For me, "Do you remember these" by the Statler Brothers encompasses in a nostalgic way much of the early years of my life.  "We didn't start the fire" by Billy Joel is also good, but of a different tenor.


----------



## Geezer Garage (Jun 16, 2022)

Works every time.


----------



## Moonbeam52 (Jun 16, 2022)

spectratg said:


> For me, "Do you remember these" by the Statler Brothers encompasses in a nostalgic way much of the early years of my life.  "We didn't start the fire" by Billy Joel is also good, but of a different tenor.



I remember it very well.


----------



## feywon (Jun 16, 2022)

spectratg said:


> For me, "Do you remember these" by the Statler Brothers encompasses in a nostalgic way much of the early years of my life.  "We didn't start the fire" by Billy Joel is also good, but of a different tenor.


i had to search for the Statler Brothers  one, but first line brought it back.

Billy Joel's "The Stranger" has lyrics that are poignant for me. Makes me think of Jung's psychological theory about our 'shadow' selves. There's a long instrumental intro, and interlude later in it but the background is beautiful and it displays the lyrics once it starts.  Since lyrics a primary draw for me i try to find videos that have them when i post music online.


----------



## Sassycakes (Jun 16, 2022)

My dad would sing this to me all the time. I miss him so much.


----------



## Moonbeam52 (Jun 16, 2022)

feywon said:


> i had to search for the Statler Brothers  one, but first line brought it back.
> 
> Billy Joel's "The Stranger" has lyrics that are poignant for me. Makes me think of Jung's psychological theory about our 'shadow' selves.
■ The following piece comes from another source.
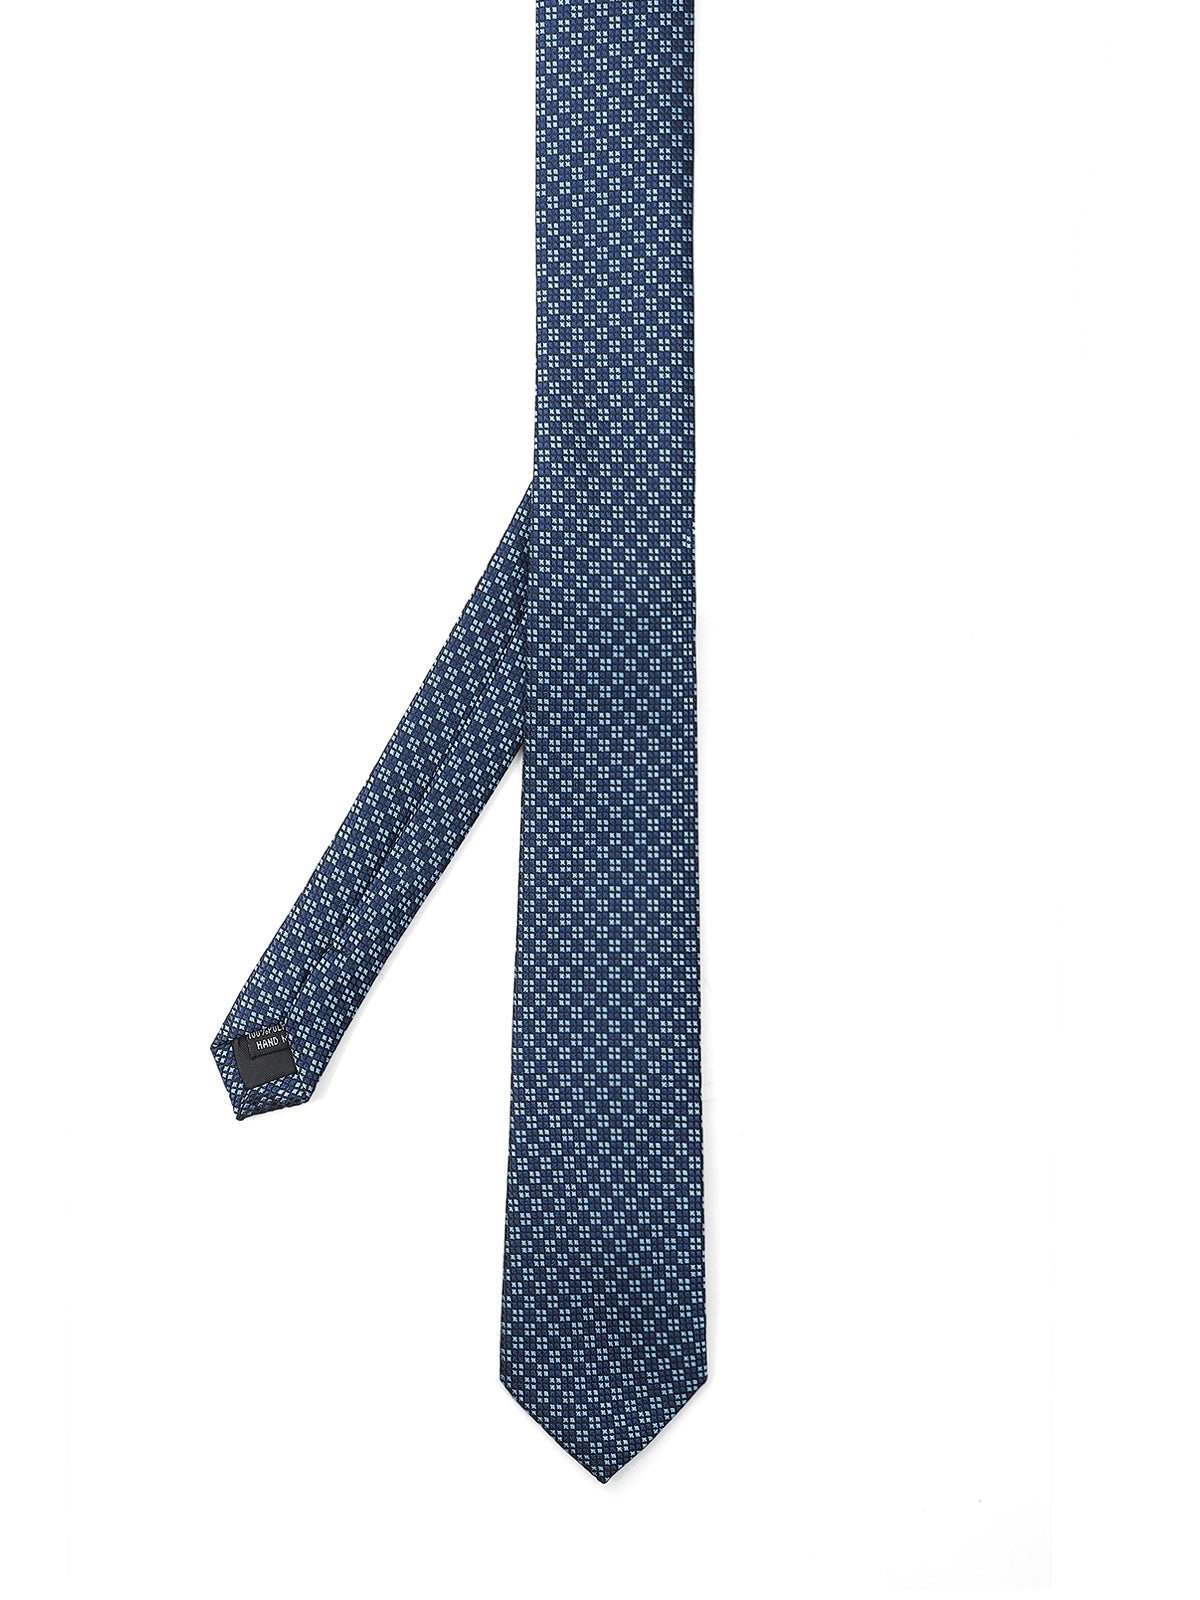 Blue Tie - EAMT24-054

There's a long instrumental intro, and interlude later in it but the background is beautiful and it displays the lyrics once it starts.  Since lyrics a primary draw for me i try to find videos that have them when i post music online.



Hidden side of all humans Jungˋs theory of shadow. Every shadow is a strange phenomenon. .


----------



## spectratg (Jun 16, 2022)

feywon said:


> i had to search for the Statler Brothers  one, but first line brought it back.
> 
> Billy Joel's "The Stranger" has lyrics that are poignant for me. Makes me think of Jung's psychological theory about our 'shadow' selves. There's a long instrumental intro, and interlude later in it but the background is beautiful and it displays the lyrics once it starts.  Since lyrics a primary draw for me i try to find videos that have them when i post music online.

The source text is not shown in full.